The Laplace method itself and its advantages in solving linear differential equations and systems are widely covered in the literature, for example, in the popular publication [1]. In the book, the Laplace method is given for implementation in licensed software packages Mathematica, Maple and MATLAB (which implies the acquisition of this software by an educational institution) on selected examples by the author.

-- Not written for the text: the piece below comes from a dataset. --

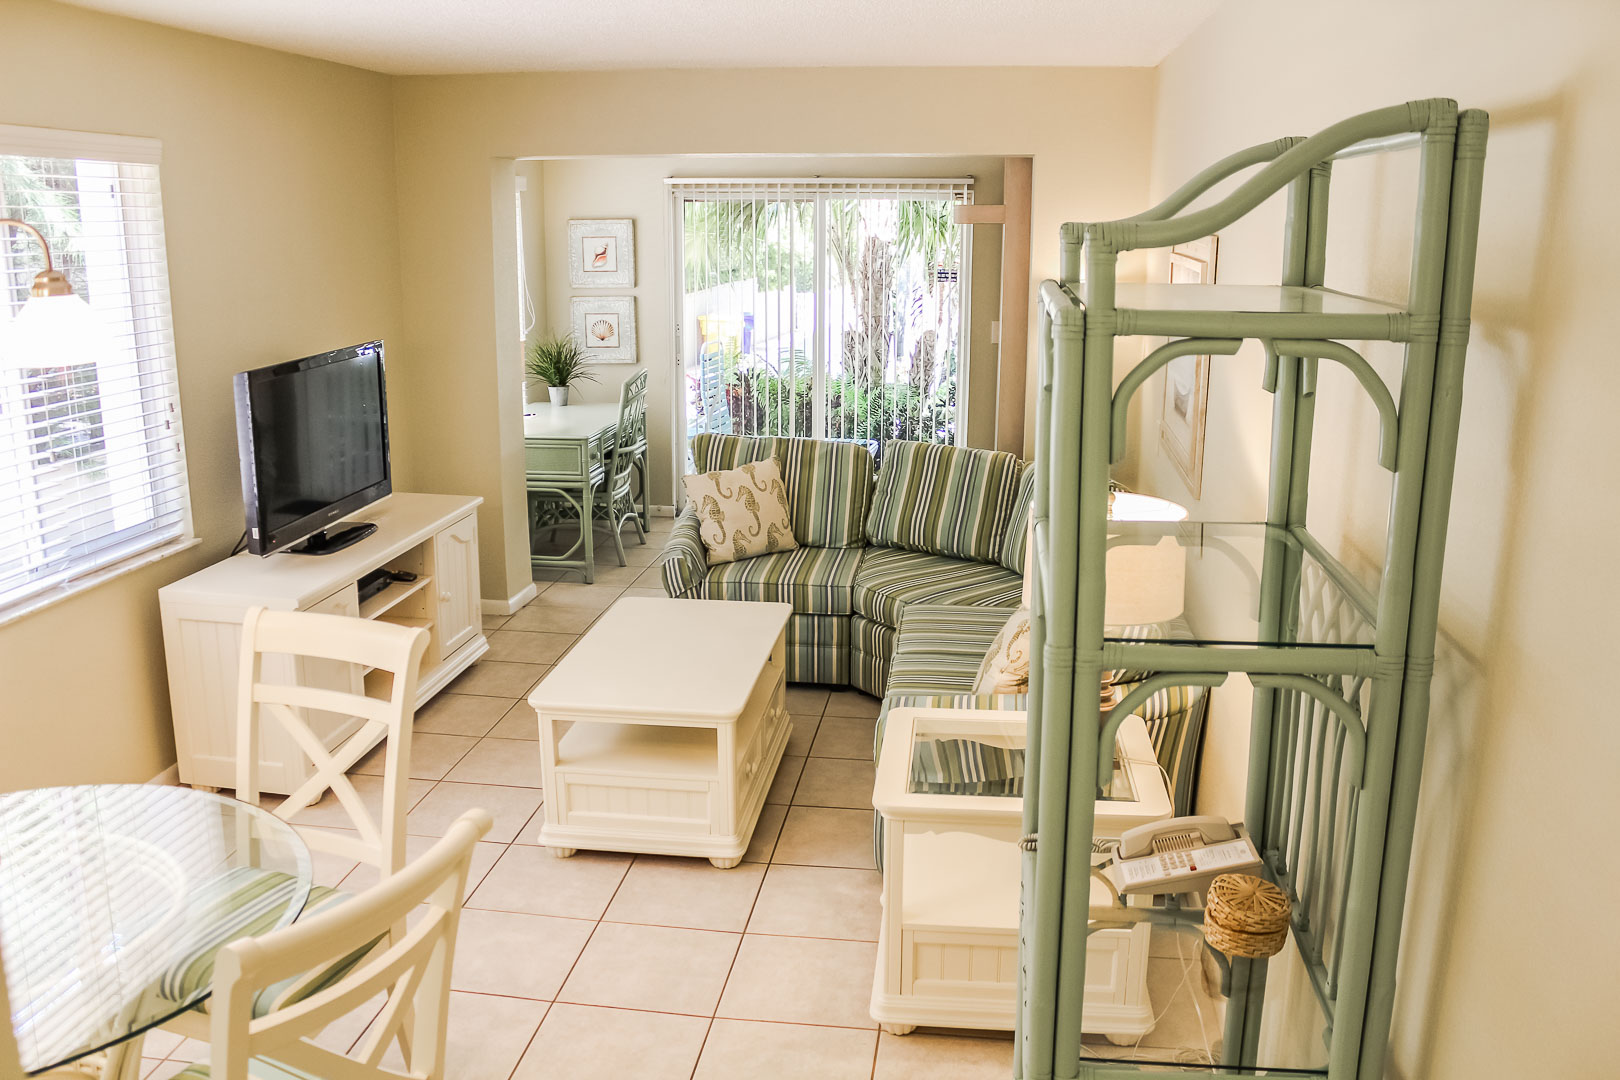 A refreshing living room at VRI's Berkshire by the Sea in Florida.

Let us try today to consider not a separate example of solving a learning problem using Python, but a general method for solving linear differential equations and systems using the functions of the direct and inverse Laplace transform. At the same time, we keep the learning moment: the left side of a linear differential equation with Cauchy conditions will be formed by the student himself, and the routine part of the problem, consisting in the direct Laplace transform of the right side of the equation, will be performed using the laplace_transform () function.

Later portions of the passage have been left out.